Statistics	Calculating linear regression and other statistics (slope, intercept, etc.).

To perform these operations, the analytic functions add several new elements to SQL processing. These elements build on existing SQL to allow flexible and powerful calculation expressions. The processing flow is represented in Figure 17-2.

Figure 17-2 Processing Order

Here are the essential concepts used in the analytic functions:

Processing Order - Query processing using analytic functions takes place in three stages. First, all joins, WHERE, GROUP BY and HAVING clauses are performed. Second, the result set is made available to the analytic functions, and all their calculations take place. Third, if the query has an ORDER BY clause at its end, the ORDER BY is processed to allow for precise output ordering. The processing order is shown in Figure 17-2.
Result Set Partitions - The analytic functions allow users to divide query result sets into groups of rows called partitions. Note that the term partitions used with analytic functions is unrelated to Oracle's table partitions feature. Throughout this chapter, we use partitions only in the meaning related to analytic functions. Partitions are created after the groups defined with GROUP BY clauses, so any aggregate results such as SUMs and AVGs are available to them. Partition divisions may be based upon any desired columns or expressions. A query result set may be partitioned into just one partition holding all the rows, a few large partitions, or many small partitions holding just a few rows each.
Window - For each row in a partition, you can define a sliding window of data. This window determines the range of rows used to perform the calculations for the current row (defined in the next bullet). Window sizes can be based on either a physical number of rows or a logical interval such as time. The window has a starting row and an ending row. Depending on its definition, the window may move at one or both ends. For instance, a window defined for a cumulative sum function would have its starting row fixed at the first row of its partition, and its ending row would slide from the starting point all the way to the last row of the partition. In contrast, a window defined for a moving average would have both its starting and end points slide so that they maintain a constant physical or logical range.

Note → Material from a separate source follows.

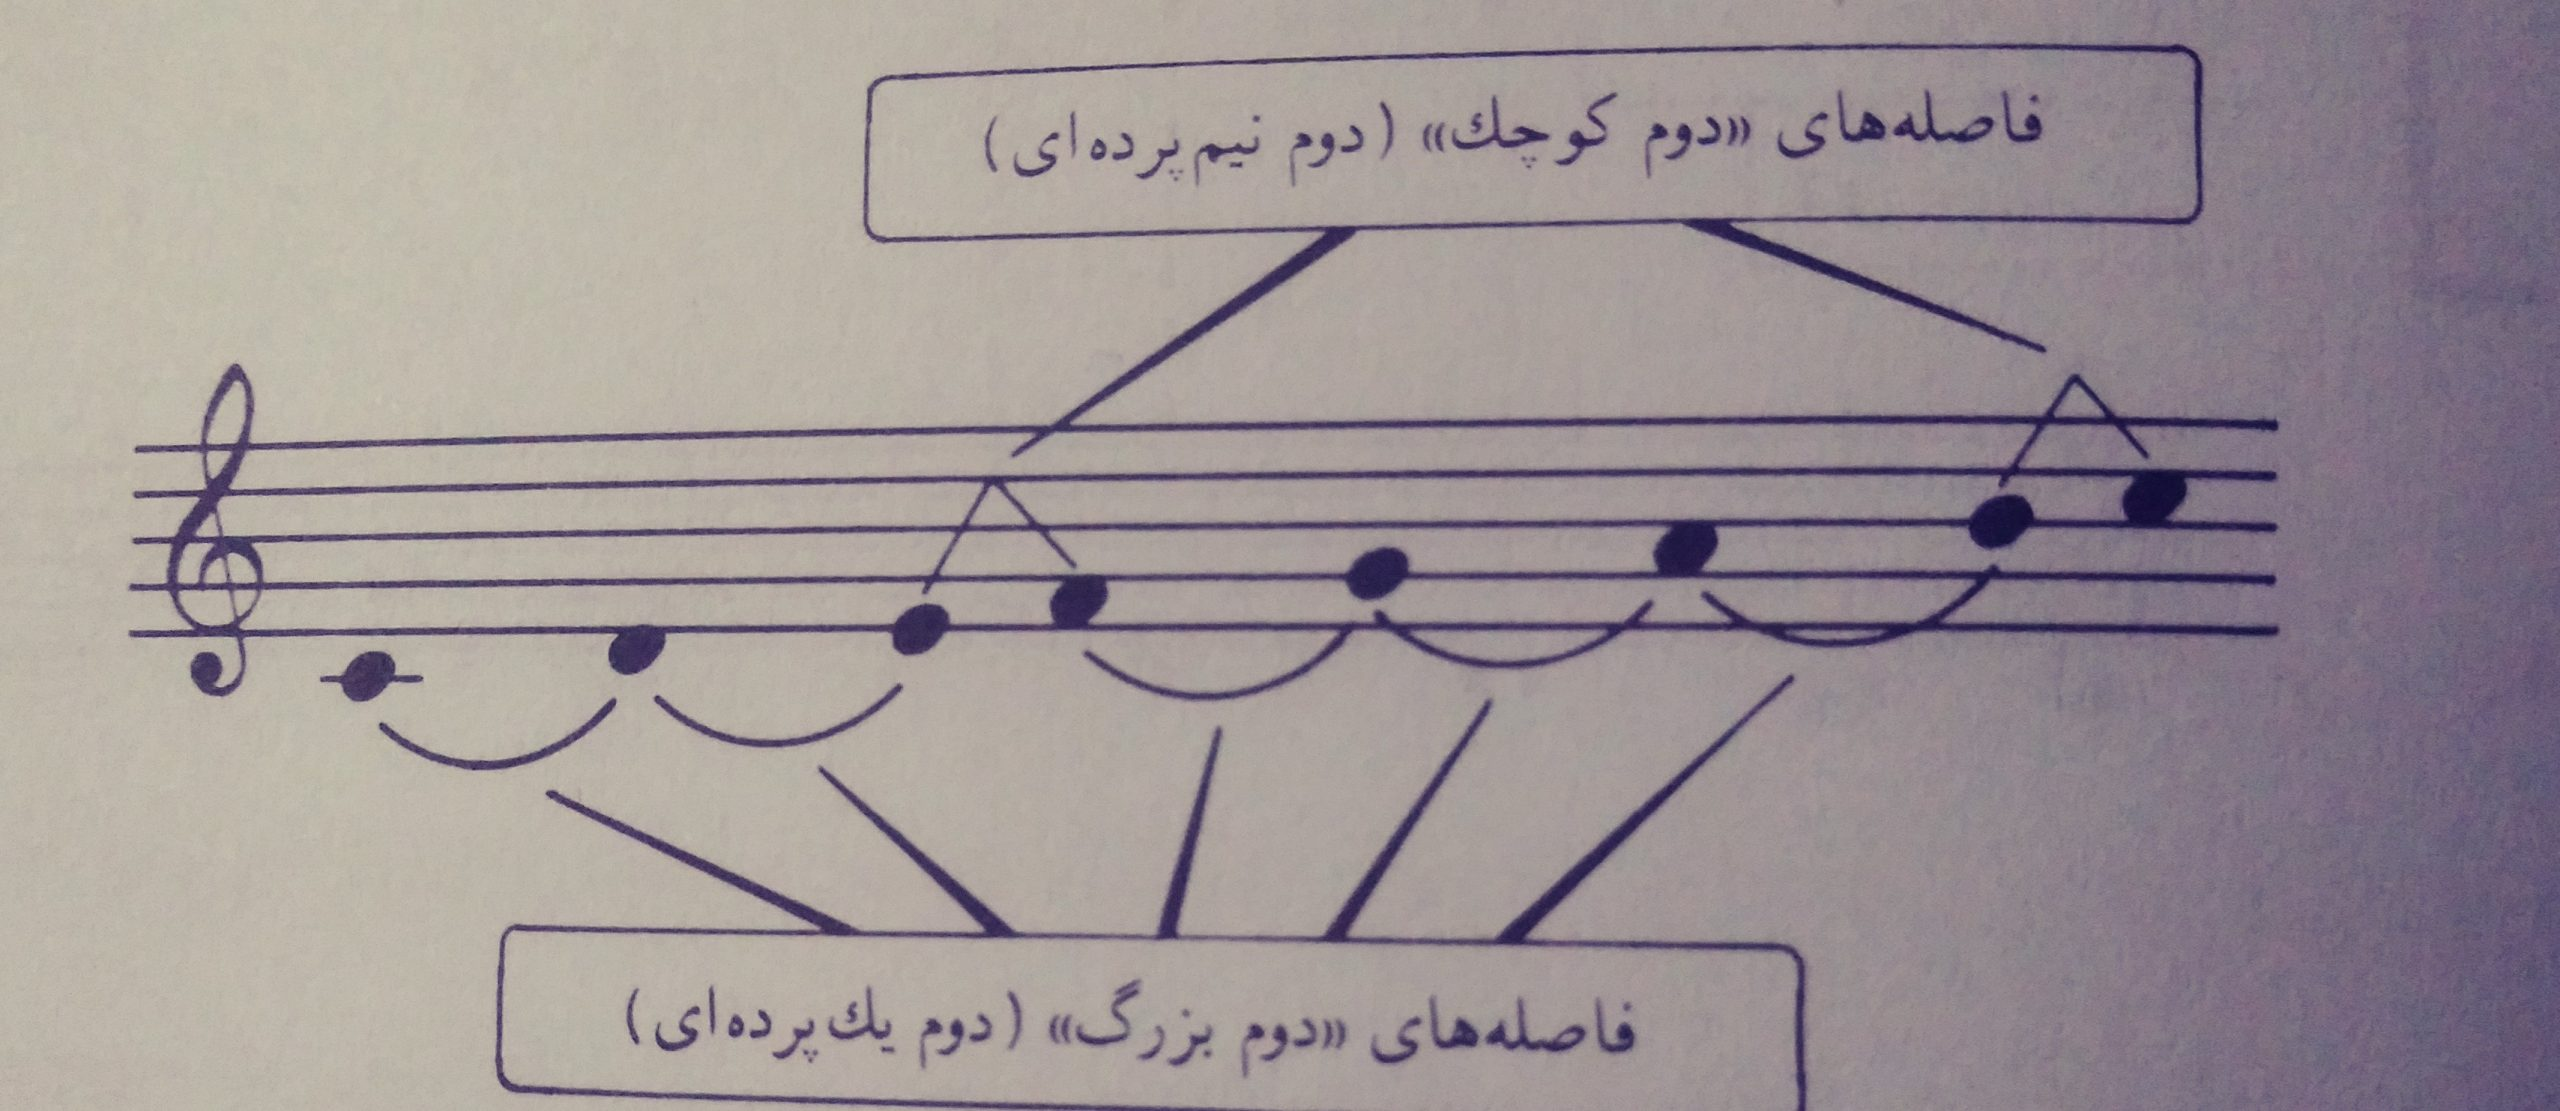 آموزش فواصل در موسیقی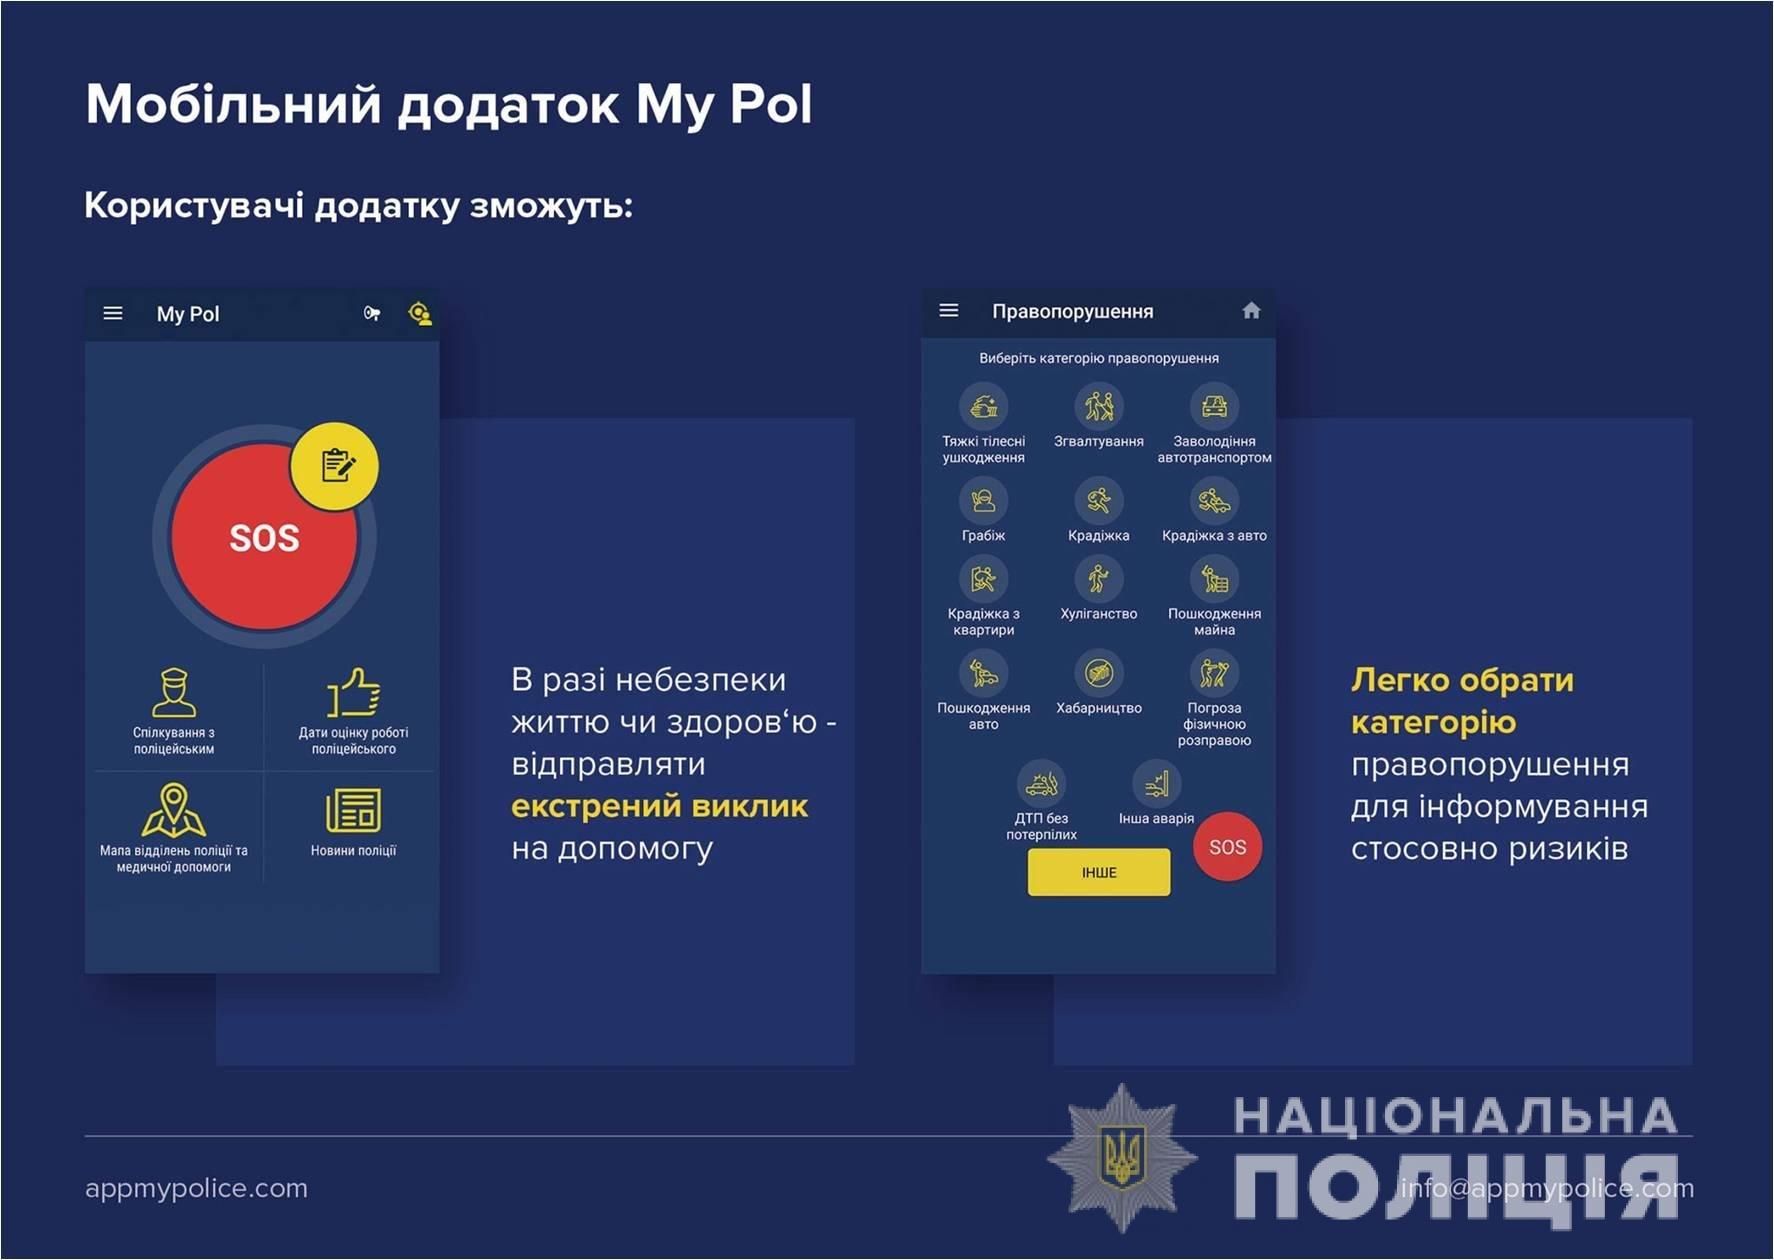 Тепер на Житомирщині викликати поліцію можна за допомогою додатка «MyPol»

A window can be set as large as all the rows in a partition. On the other hand, it could be just a sliding window of 1 row within a partition.
Current Row - Each calculation performed with an analytic function is based on a current row within a partition. The current row serves as the reference point determining the start and end of the window. For instance, a centered moving average calculation could be defined with a window that holds the current row, the 5 preceding rows, and the 6 rows following. This would create a sliding window of 12 rows, as shown in Figure 17-3.

Figure 17-3 Sliding Window Example

Ranking Functions

A ranking function computes the rank of a record with respect to other records in the dataset based on the values of a set of measures. The types of ranking function are:

RANK and DENSE_RANK
CUME_DIST and PERCENT_RANK
NTILE
ROW_NUMBER

RANK and DENSE_RANK

The RANK and DENSE_RANK functions allow you to rank items in a group, for example, finding the top 3 products sold in California last year. There are two functions that perform ranking, as shown by the following syntax:

RANK() OVER (
  [PARTITION BY <value expression1> [, ...]]
  ORDER BY <value expression2> [collate clause] [ASC|DESC] 
     [NULLS FIRST|NULLS LAST] [, ...] 
   )

DENSE_RANK() OVER (
  [PARTITION BY <value expression1> [, ...]]
  ORDER BY <value expression2> [collate clause] [ASC|DESC]
  [NULLS FIRST|NULLS LAST] [, ...] 
  )

The difference between RANK and DENSE_RANK is that DENSE_RANK leaves no gaps in ranking sequence when there are ties. That is, if we were ranking a competition using DENSE_RANK and had three people tie for second place, we would say that all three were in second place and that the next person came in third. The RANK function would also give three people in second place, but the next person would be in fifth place.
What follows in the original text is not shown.